Le mieux est l’ennemi du bien. Au lieu de m’embarquer dans une discussion sur le type de régime (« semi parlementaire » etc.), pourquoi ne pas se limiter à quelques codifications urgentes. Personnellement, avec la priorité au débat national sur les choix économiques, je me contenterais aujourd’hui de deux petits amendements constitutionnels. L’un codifiant de manière précise le droit de la représentation élue d’enquêter sur les contrats de marchés publics internationaux, jugés suspects par les commissions concernées de l’APN ou du Conseil de la Nation. Et de les annuler. Le deuxième, soumettant les nominations présidentielle aux postes clefs à un droit de regard des parlementaires.
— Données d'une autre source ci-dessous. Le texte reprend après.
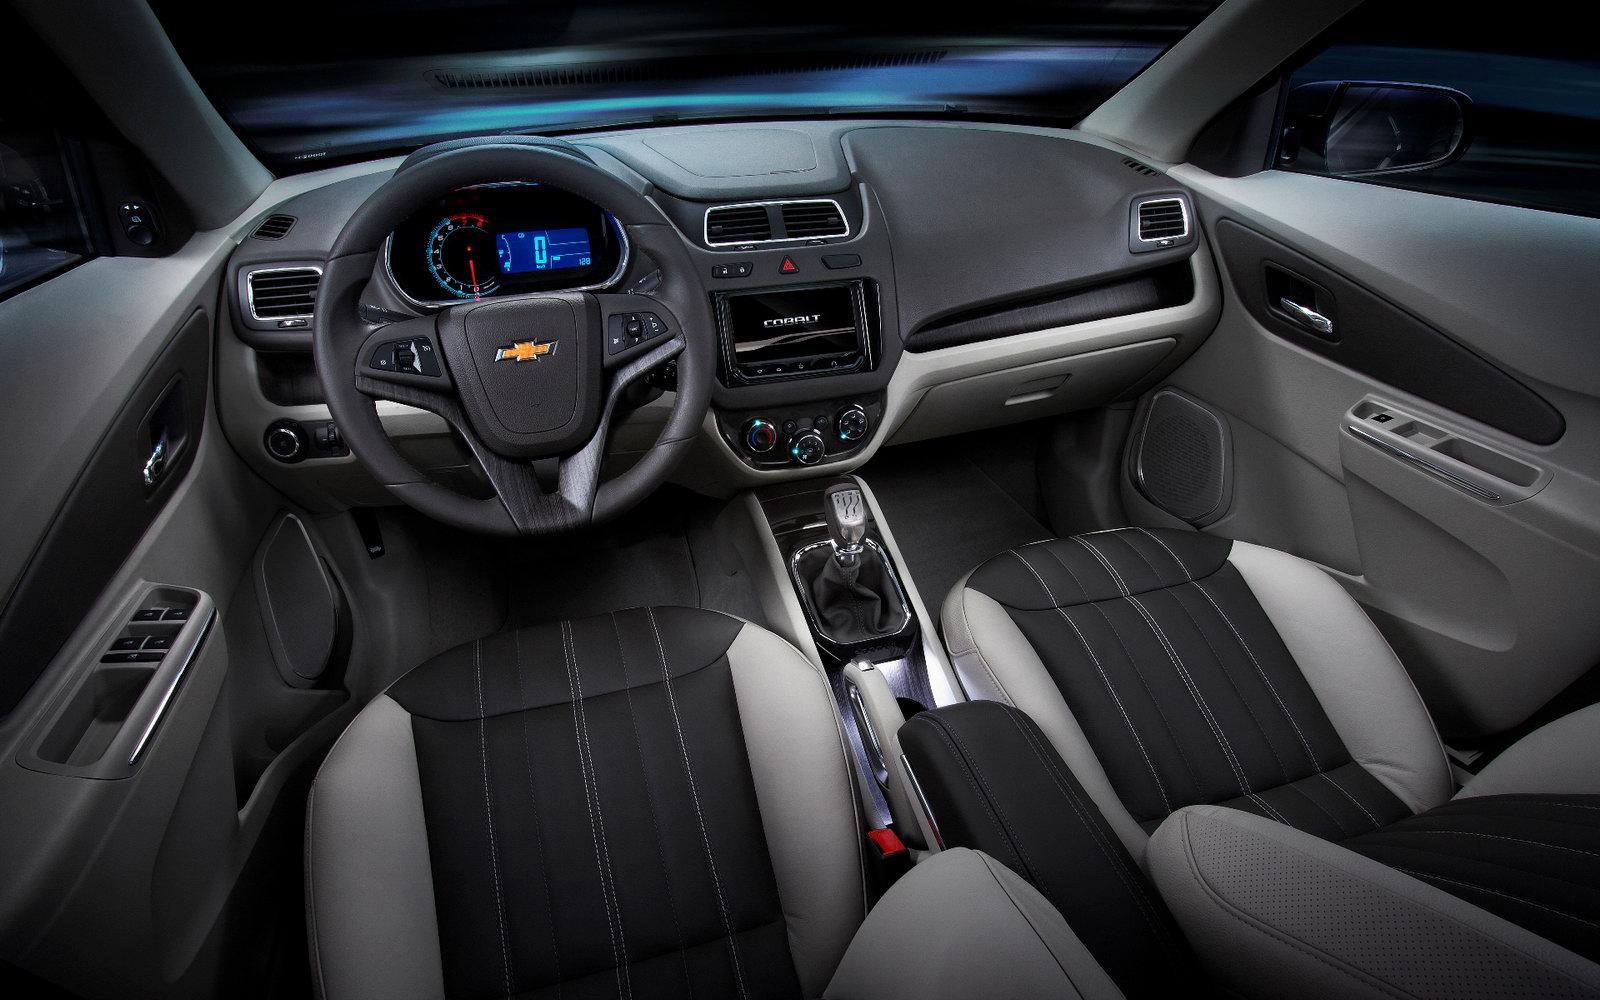 New Chevrolet Cobalt Sedan Concept Unveiled In Buenos

On pourra dire qu’avec les parlementaires actuelles, cela n’ira pas loin... Il faut pourtant  commencer à marcher pour en finir avec la face obscure du pouvoir.

 

 

 

Nota bene. Toute "solution" politique « par le haut » des questions de pouvoir dans notre pays conduit inévitablement à reconduire le système actuel. Même lorsque cette "solution" est affublée des étiquettes les plus flatteuses : « 2ème république », « redressement », « rupture », et Cie. Le peuple algérien sera comme d’habitude le klouklou de la farce.